Implementing The Stages

In the last section we decomposed the general WebGPU compute process into three bite sized concepts. Now, we will implement a couple of them. This simplified example illustrates the use of buffers and commands to set up and copy data from input to output arrays.

Along the way, we collect some general methods into the WebgpuCompute class, and use them in the CopyBuffer class to implement our example.

Is WebGPU supported

WebGPU support is still spinning up, so we need to be very pedantic here because it may not be supported, or not be fully supported on any platform we try, especially mobile. navigator.gpu is the entry point for the WebGPU API, so the first step is to check if navigator.gpu is present. 


    if (!navigator.gpu) {
        throw Error("WebGPU is not supported.");
    }

The specific application will catch this error and handle it as appropriate. Common approaches include popping up a user alert, or at least logging the error.

Get an Adapter

Now that we know WebGPU is supported, the next step is to get an adapter. The WebGPU adapter corresponds roughly a physical GPU. Many systems have two physical GPUs. One power efficient GPU built into the processor, and a second, high performance and high power, discrete GPU. When we request an adapter we can specify low power or high performance options. 

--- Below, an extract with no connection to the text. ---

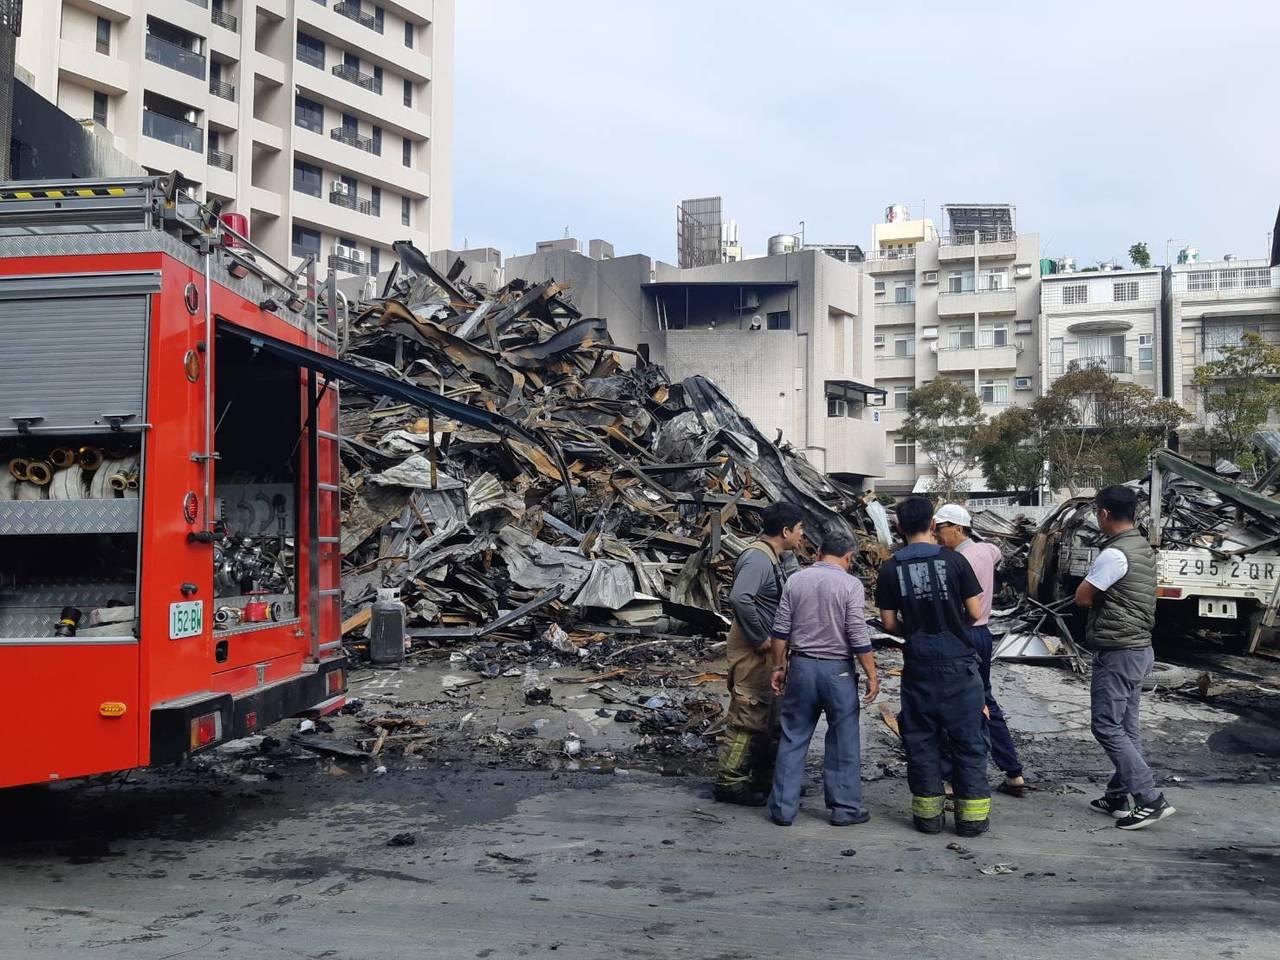 高雄市清晨工廠大火冒出濃煙,廠房頓時成廢墟。記者賴郁薇/攝影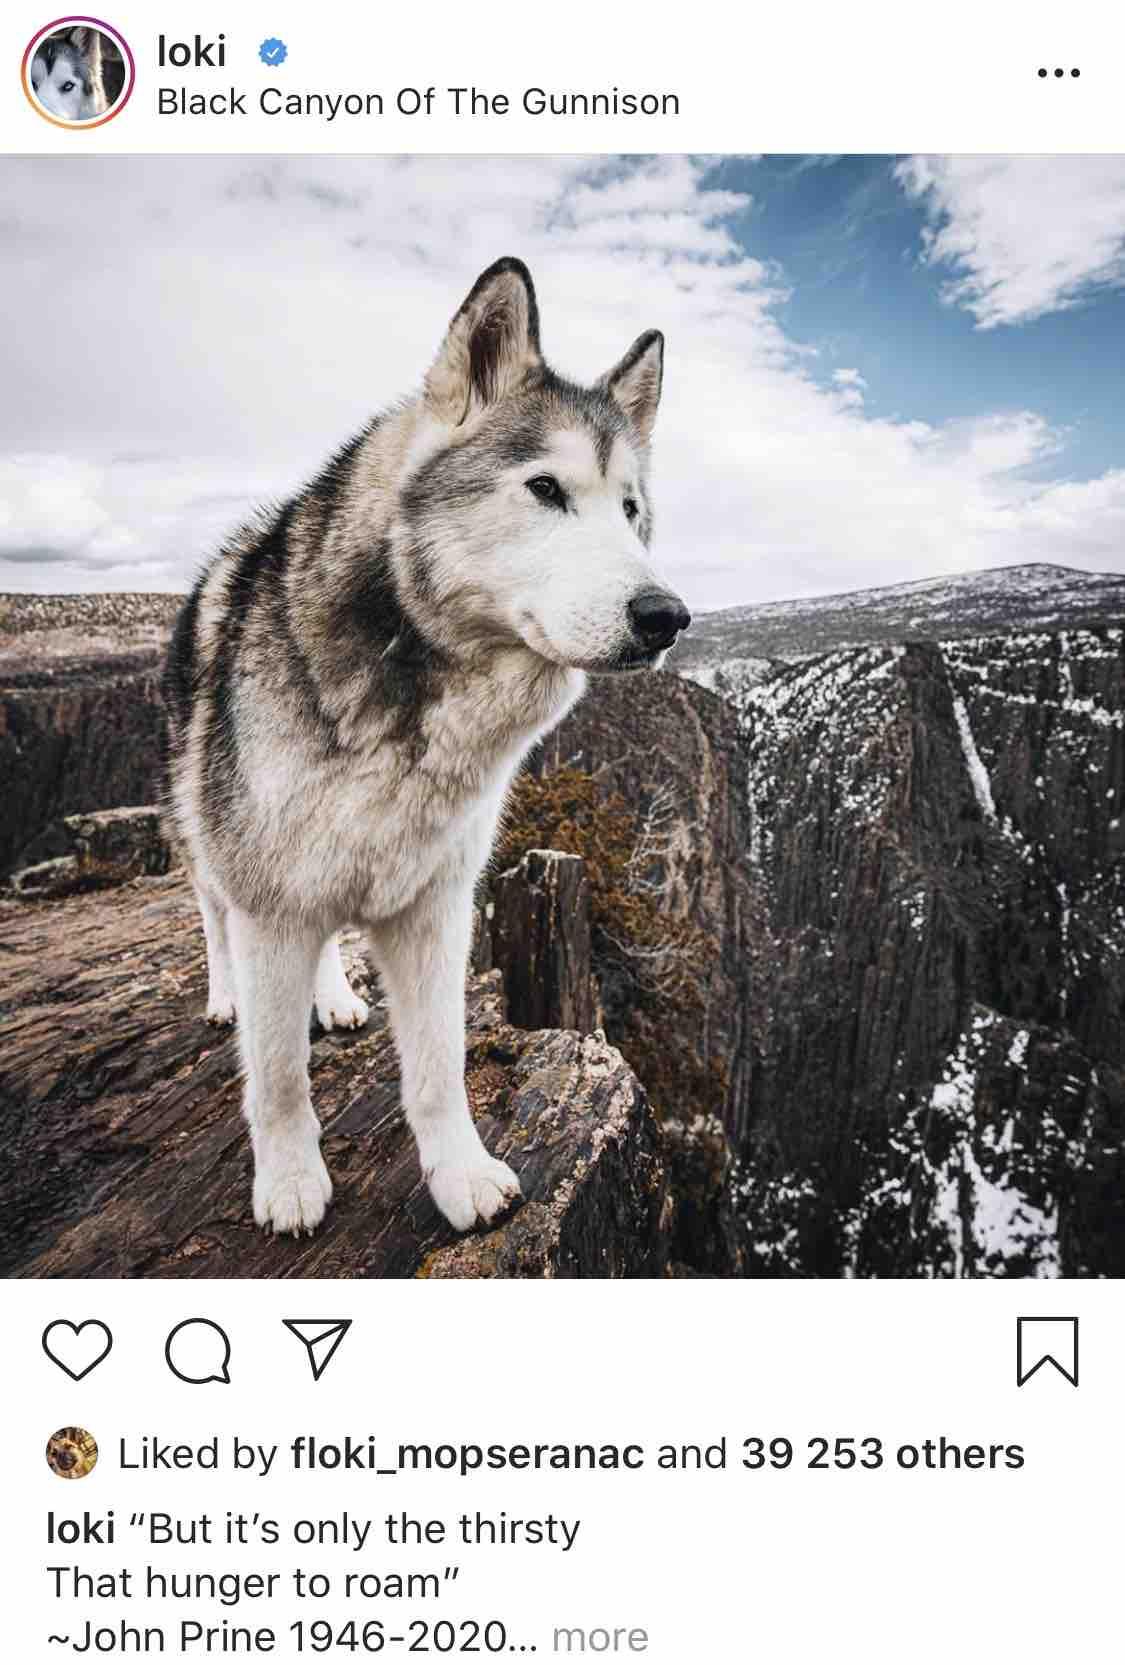 Loki the Wolfdog - Instagram

    let adapter = await navigator.gpu.requestAdapter(options);
    if (!adapter) {
        if (options) {
            throw Error("Request WebGPU adapter failed with options: " + JSON.stringify(options));
        } else {
            throw Error("Request WebGPU adapter failed.");
        }
    }

Laptops, desktops, and mobile devices have a wide range of graphics adapters with a correspondingly wide range of capabilities. WebGPU encapsulates this variability through optional features and limits. All implementations of WebGPU have a baseline of capabilities, with optional features and resource limits that can be requested. If no optional capabilities are requested, then you receive the base set of capabilities. This is a boon for compatability, a project that works without requesting additional resources should work on most if not all WebGPU capable systems.

Resource Limits

Resource limits are one of the optional capabilities that can be specified when acquiring a WebGPU device. There is a base level of resources that is expected to be available on all WebGPU systems. Most importantly, if we make the default requests we get this base set of resources, even on more capable systems. This is a boon for compatability, a project that works without requesting additional resources should work on most if not all WebGPU capable systems. If possible, we will avoid dependencies on optional limits or features.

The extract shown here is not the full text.